* What needs to be done:
Restate word for word the lines of the material below, from the line with "A5 Clean Proposal" to the line with "Turister sitter på", both lines included, and no others.

* Stored data:
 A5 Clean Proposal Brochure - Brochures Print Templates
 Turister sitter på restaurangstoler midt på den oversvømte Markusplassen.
---
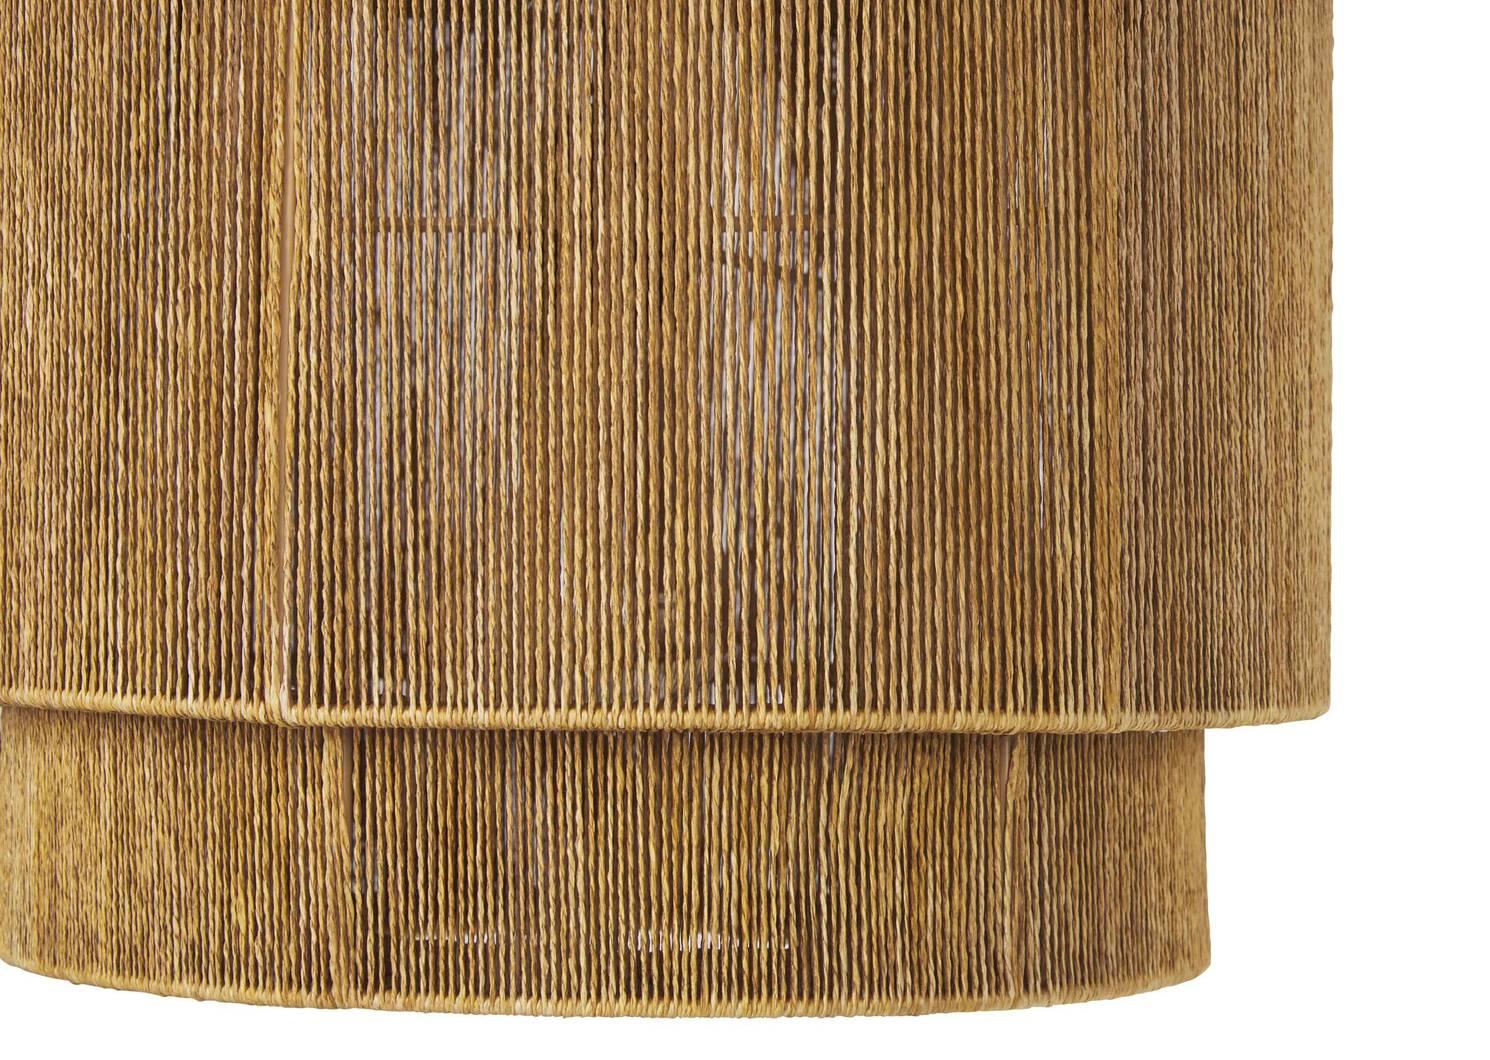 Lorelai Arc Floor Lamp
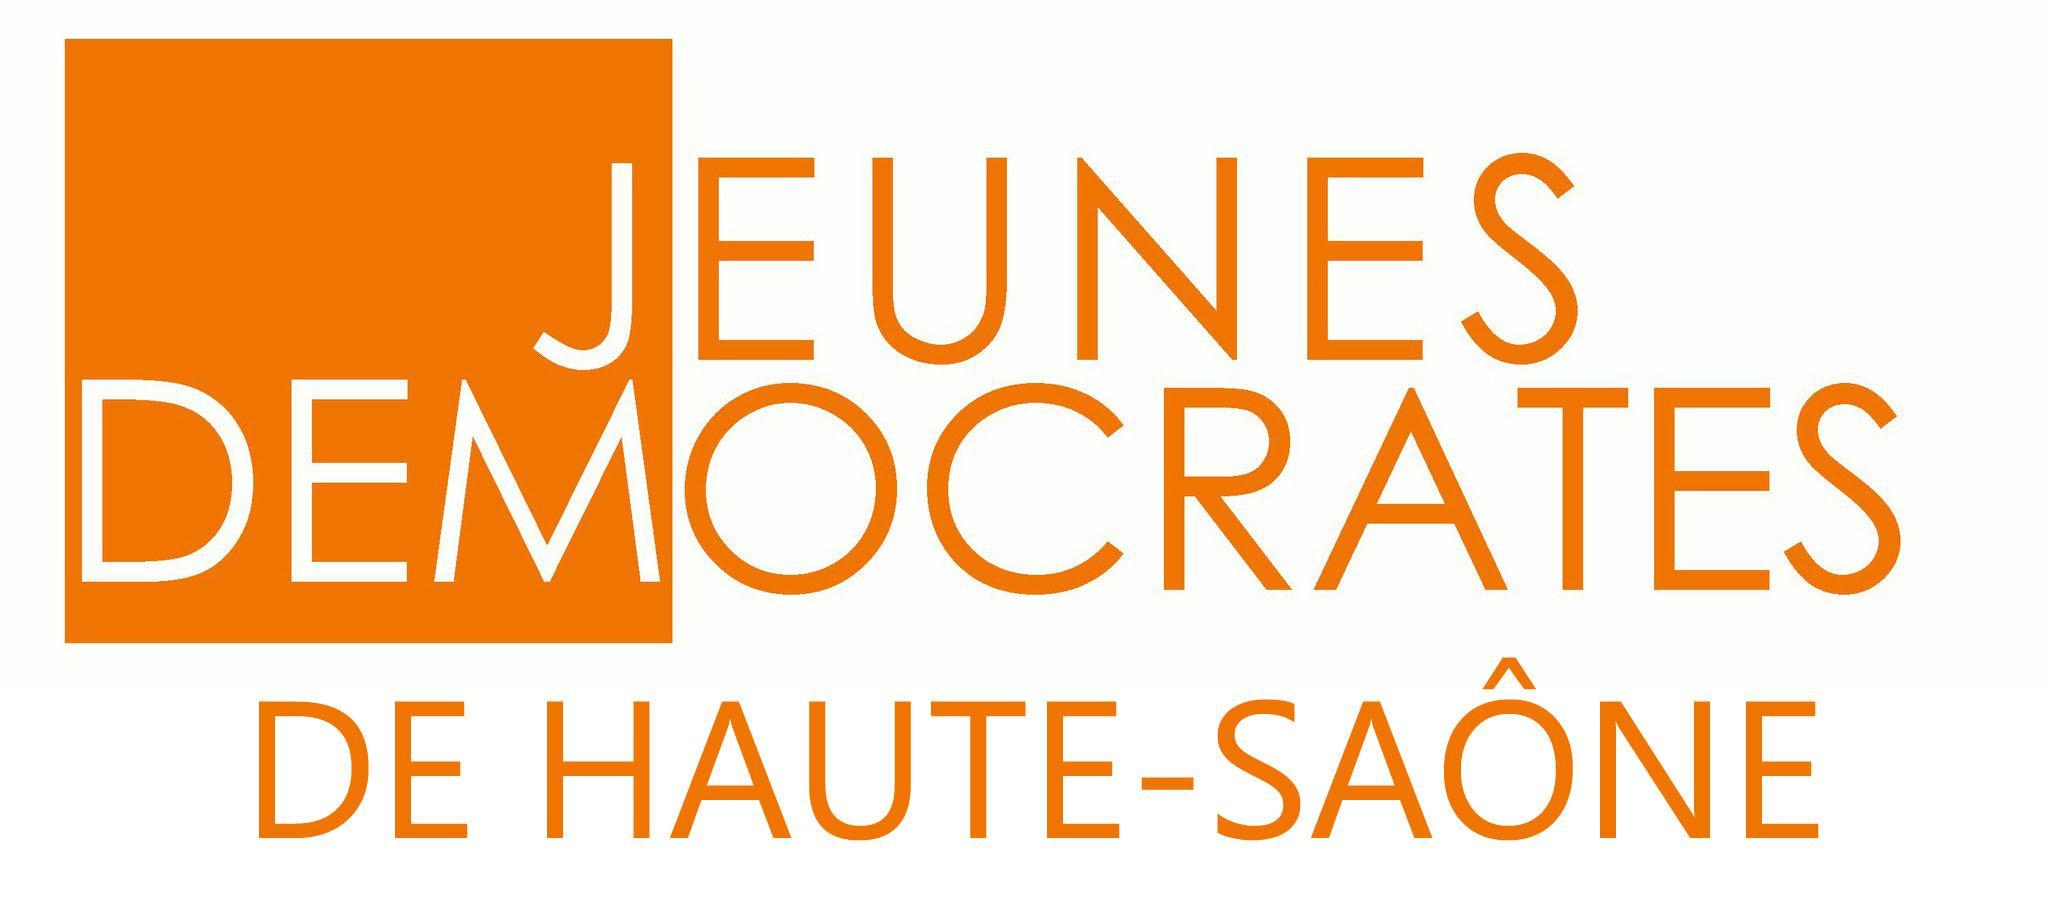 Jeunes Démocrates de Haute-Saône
* * *
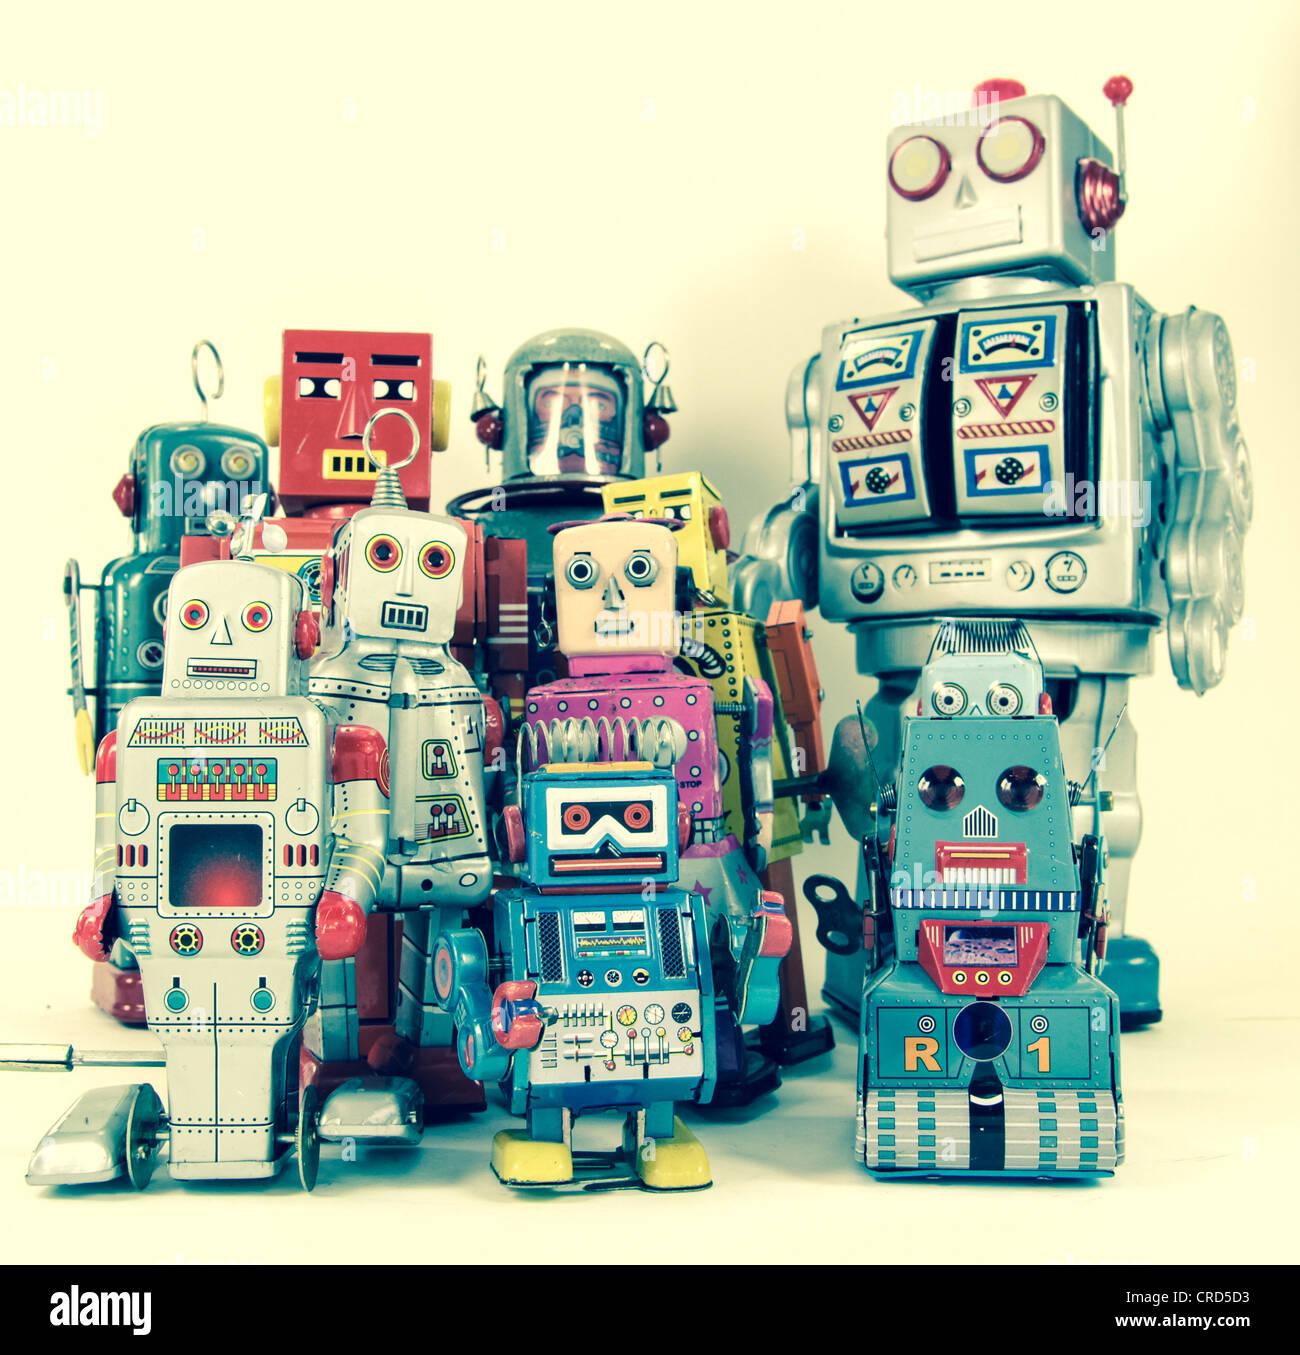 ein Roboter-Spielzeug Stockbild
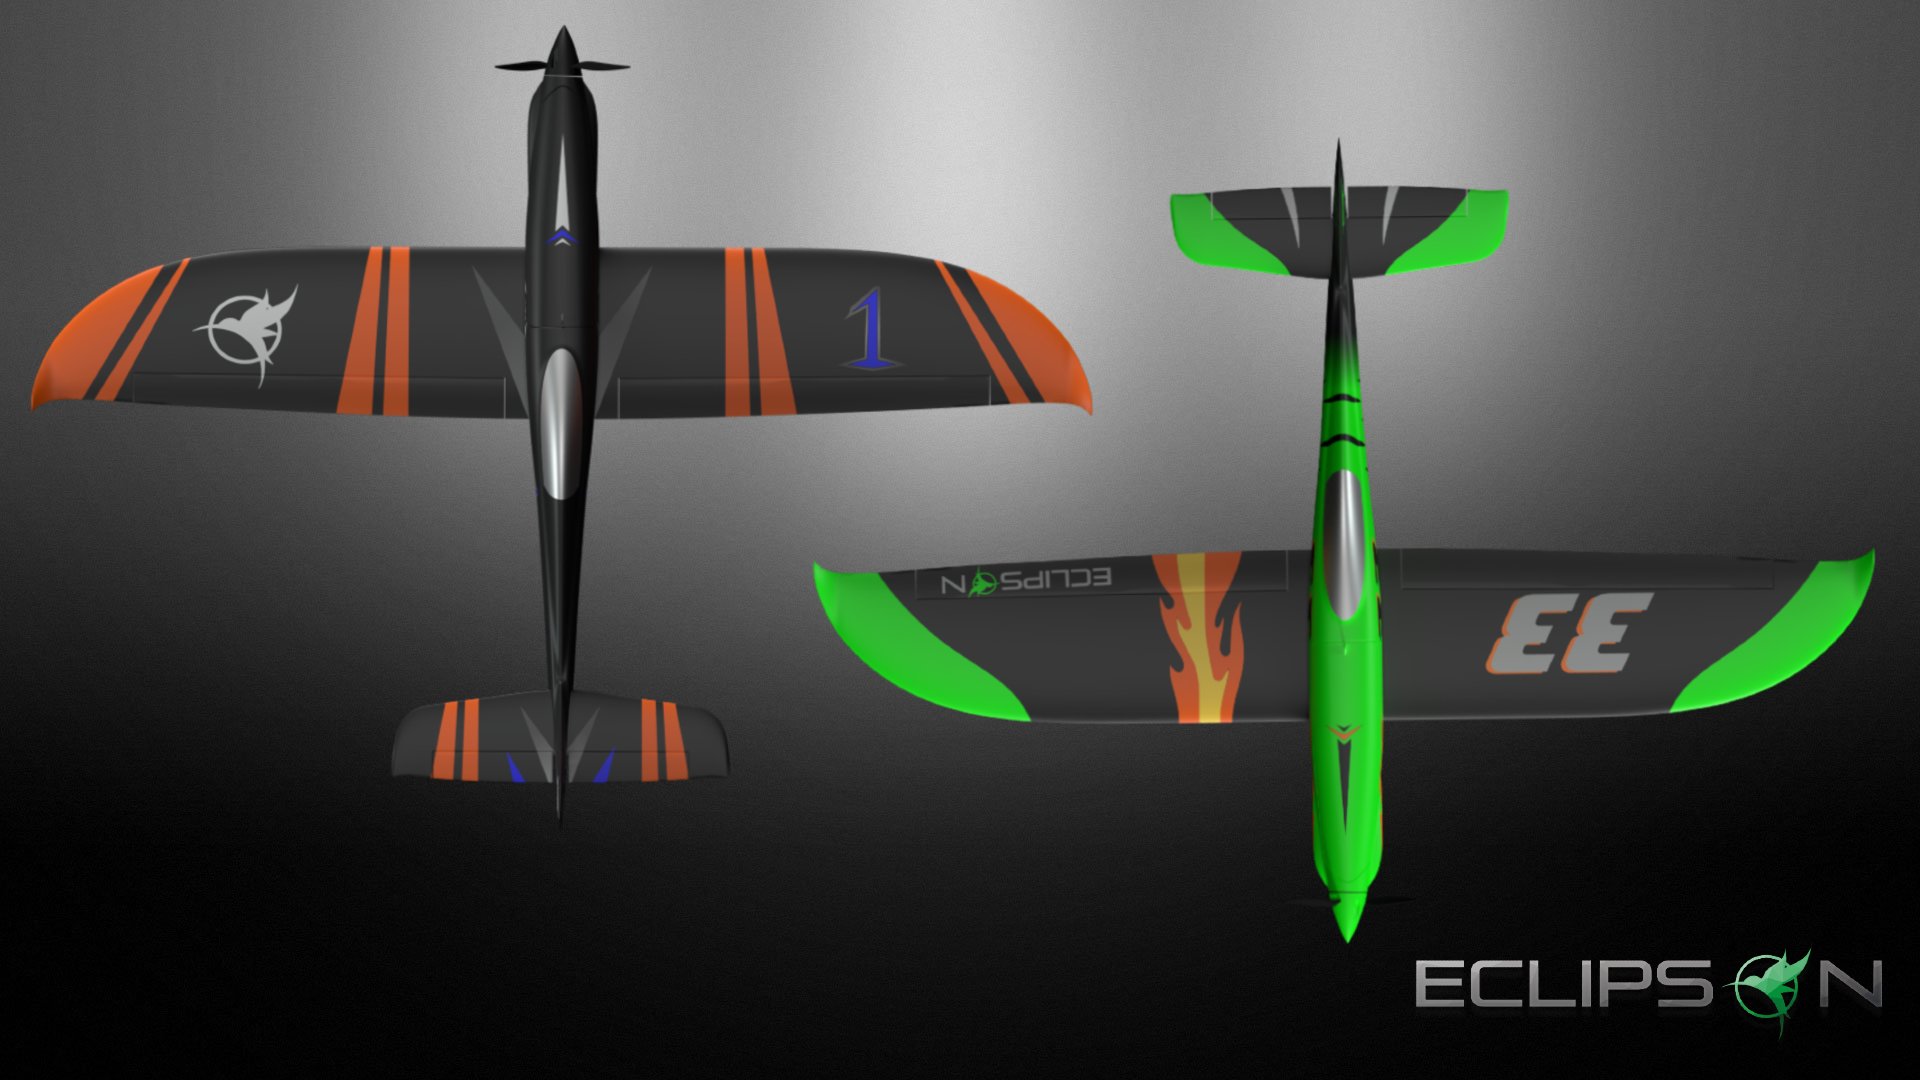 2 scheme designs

* Exercise response:
 A5 Clean Proposal Brochure - Brochures Print Templates
 Turister sitter på restaurangstoler midt på den oversvømte Markusplassen.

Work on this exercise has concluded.